The advisory of the Delhi government brought to my mind the ‘firmaans’ that emperors used to issue to the people with “thou shall not…”. These ‘firmaans’ were obeyed as the emperors had absolute power that could also punish instances of deviation.Individual freedoms were also circumscribed at that time by the ‘greater good’ principle. The point that then arises is whether the Delhi government (or any other democratically elected government) has the absolute power to issue an advisory of how much to charge, on what and how.
Two related questions could be: whether there is any precedent of such an exercise of power and whether the private health care providers are justified in being miffed that their freedoms are being interfered with. Given the space constraint, a discourse on these politically charged arguments is not possible. This article focuses on two aspects — the limitations of regulatory power and the implications of not recognising them.
Is there a precedent?
The one country that comes closest to such a ‘firmaan’ dictated health policy is Japan. But then there is a context. Japan has a detailed schedule of rates on every component or item, not package rates as we have in India — that I call a quick fix approach. This price schedule is available to all citizens and all providers are expected to provide services only in accordance with it. Any deviation, by way of over billing or under servicing of care, is heavily penalized, including delicensing a provider. Since the government is the only purchaser of care, the providers have no options but obey.
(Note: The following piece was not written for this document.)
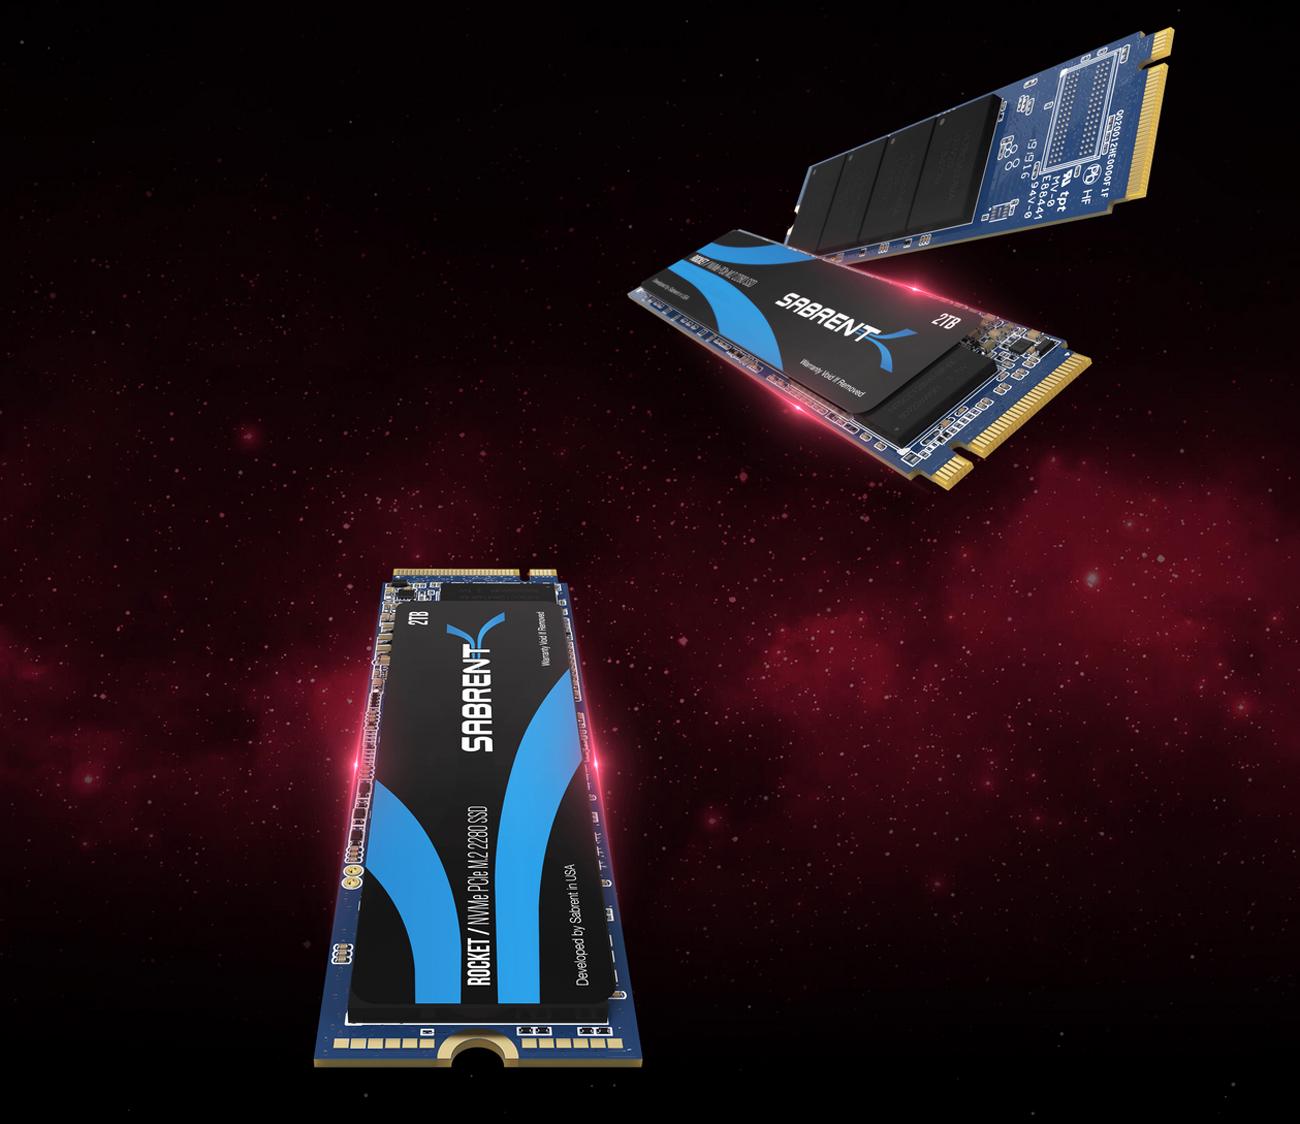 SB-ROCKET-1TB Sabrent 1TB Rocket NVMe PCIe M.2 2280 Internal SSD High Performance Solid State Drive

The Delhi Government Advisory then falls short on two counts. One, it does not enjoy a monopoly power over the health care market; and two, it has, unlike in Japan, proposed these price caps, rates and guidelines based on the recommendations of a government appointed nine-member body. In Japan, on the other hand, every price is negotiated extensively with provider associations, and a consensus is reached subject to the overall budgetary ceiling imposed by the ministry of finance. Monitoring is severe and any price modifications are based on data of overuse or misuse of any item/procedure. It is no surprise that “capitalist” Japan, practices a “socialist” methodology to ensure the health and well being of their people – Japan’s public health spending is 20.28 per cent of total health spending of 10.23 per cent of GDP; 18.4 per cent is out of pocket; maternal mortality rate is 5 per 1 lakh live births, under 5 mortality is 2.7 per 1000 live births and longevity of life is 84.2.
Does this imply that a sovereign power cannot administer health prices? It can, but not arbitrarily since health costs are real costs and no provider can sustain losses. Consensus is, therefore, critical since defining price caps can be only partially feasible on some services, products and wherever government is the payer of services or owner of hospitals.
Pricing of health services is complex and difficult to enforce in the absence of laws and transparency. In the absence of these two conditions, two reactions can be expected. One, hospitals may shut down, relocate or deny services that come under this advisory. So, a serious patient whose probability of survival is suspect can be denied care or provided lesser care. With no death audit systems in place, this medical malpractice can go undetected. Second, the National Essential List of Medicines does not cover all the medicines used in a hospital. Besides, a patient has the right to deny a medicine prescribed by the doctor and instead opt to buy a substitute brand he trusts, quite on the informal advise of the doctor, giving rise to a system of shadow prescriptions. In other words, such advisories that are not based on consensus or have a buy in of the stakeholders, can be gamed. Unfortunately such stratagems will only deepen the already corrupt health system that is crying for reform.
Issuing advisories is easy. Governance and bringing in structural reforms backed by funding is difficult. Tamil Nadu, for example, has the Tamil Nadu Medical Services (TNMSC) that procures drugs for all government facilities at 20 per cent of market prices. Likewise, it offers diagnostics at a fraction of cost. This then puts pressure on the private sector to reduce prices. On the other hand, the absence of such a competitive environment in Andhra Pradesh explains the brazen extortion of patients by the private hospitals there. Secondly, private hospitals entail real costs. The land, ambience, personalized attention, IT systems and high end diagnostics — all require huge capital investment that is often procured at high interest rates form the market. Most have shareholders to explain their losses to. As it is, many of our best hospitals are selling out to foreign investors. Our foreign crazy elites are happy about such a development realizing little the impact it is likely to have on prices and the government’s ability to assure health and well being to its own people given the shoe string budgets we operate on.
The bottom line then is that the Delhi government is justified in attempting to cap prices to enable a common man access medical care without getting impoverished. But the methodology adopted is unlikely to succeed due to the complexity of the issues and the absence of an institutional reform agenda to enforce it without creating distortions that will only hurt the people the government is trying to protect. The sooner our politicians and policy makers get out of their illusory environment that shifting patches from one tear to another is a good substitute to hard nosed reform agenda, the better for the country in general and health sector in particular.